デジタルで保存した文章は検索のしやすさが特徴です。では紙媒体でそれができないかと言うと、そうとは限りません。紙新聞・雑誌や紙のノートというのは、自分のペースで、そして自分の手指の直感を信じながらめくることが出来ます。元外交官で著述家の佐藤優氏は、日々の記録や学習・読書ノートなどをすべて一冊のノートにまとめていますが、過去の情報を振り返る際、「何となくあの辺りに書いた」ということが記憶にあるため、探すことは容易だと述べています。

5.「写経読書」のススメ

私は近年、図書館の本を借りることがもっぱらです。理由は書棚の保管の問題および、気楽に返却ができるから。借りたけれどイマイチだったら返すだけで済みます。一方、買った場合、もったいなくて最後まで読まねばという思いにかられるのですね(これは人によりけりですが)。ただ、借りた本の場合は書き込みができません。そこでおこなうのが書き写し。私はこれを「写経読書」と呼んでいます。気に入った文章をそのまま書き写すだけ。著者の名言を集めることで「マイ・人生訓」が出来上がります。私は黒インクで筆写し、その後自分の考えを赤で添え書きしています。著者へのツッコミや自分の考えなどを改めて確立する上でとても役立っています。

6.何よりも「ノートはプライベートなもの」

私は過去にブログに勤しんでいた時期がありました。書くこと自体は好きなので、今でもたまに「書こうかな」と思うことがあります。ただ、ブログだとどうしても読者を意識してしまうのですね。それに対してノートは極めてプライベートなもの。どれほど良い自分であろうが「悪いコ」に成り下がって書き連ねようが、他者が読むことは想定していません。だからこそ、本音を書き出せるのです。日々の生活では何かと気くばりをする時代だからこそ、自分のホンネをガンガン安心して書けるノートは貴重な存在です。
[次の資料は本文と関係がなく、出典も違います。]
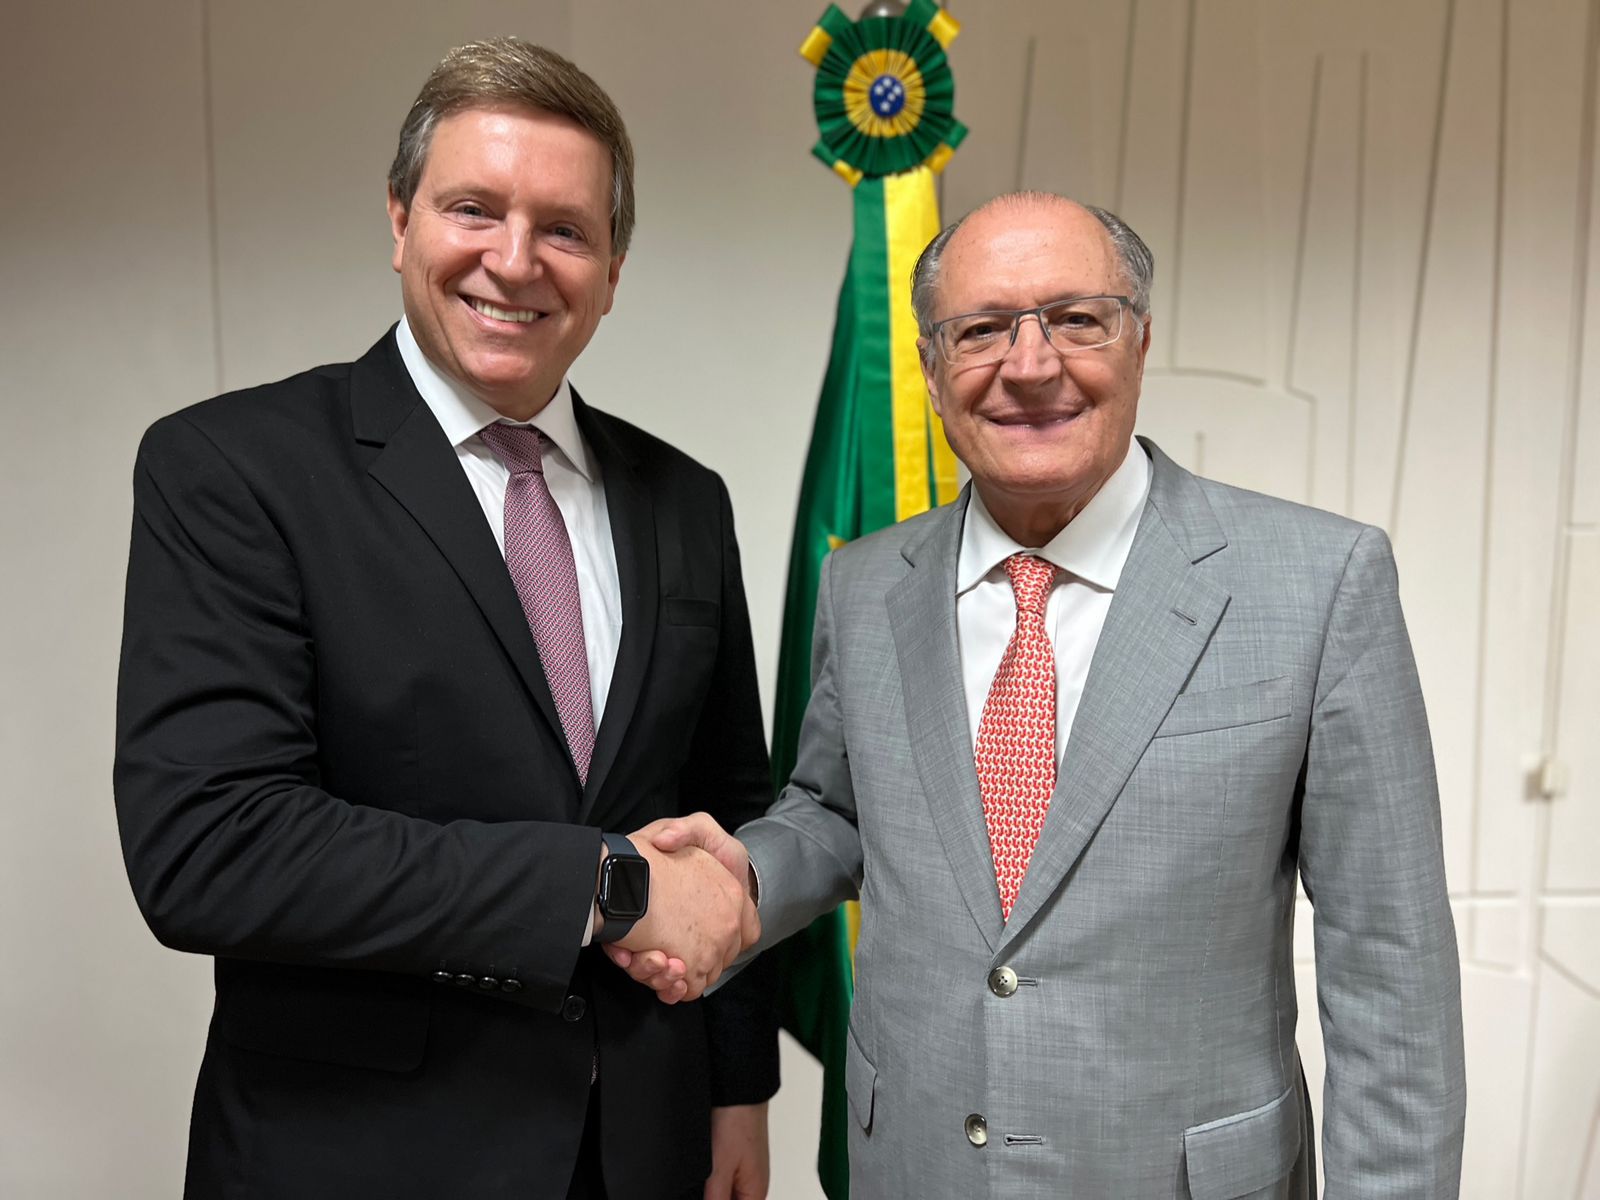 Prefeito de Itararé (SP), Heliton do Valle, reúne-se com presidente da República em exercício, Geraldo Alckmin

いかがでしたか?今回は「書くこと」をテーマにお伝えしました。ちなみにサッカーの中村俊輔選手の「サッカーノート」は有名ですよね。日本代表の森保一監督もマメにノートをとる様子がテレビ中継を観ているとわかります。岸田首相のノートも話題になりましたし、故・安倍首相は下野したあとノートを毎日つけていたそうです。

自分を支え、自分の価値観確立に寄り添ってくれるノート、そして「書く」という行為。みなさんも良かったら取り入れてみてくださいね。


柴原早苗(しばはら さなえ)

放送通訳者、獨協大学非常勤講師。上智大学卒業。ロンドン大学LSEにて修士号取得。英国BBCワールド勤務を経て現在は国際会議同時通訳およびCNNや民放各局で放送通訳業に従事。2020年米大統領選では大統領・副大統領討論会、バイデン/ハリス氏勝利宣言、大統領就任式などの同時通訳を務めた。NHK「ニュースで英語術」ウェブサイトの日本語訳・解説担当を経て、現在は法人研修や各種コラムも担当。ツイッター(@Addington76)も日々更新中。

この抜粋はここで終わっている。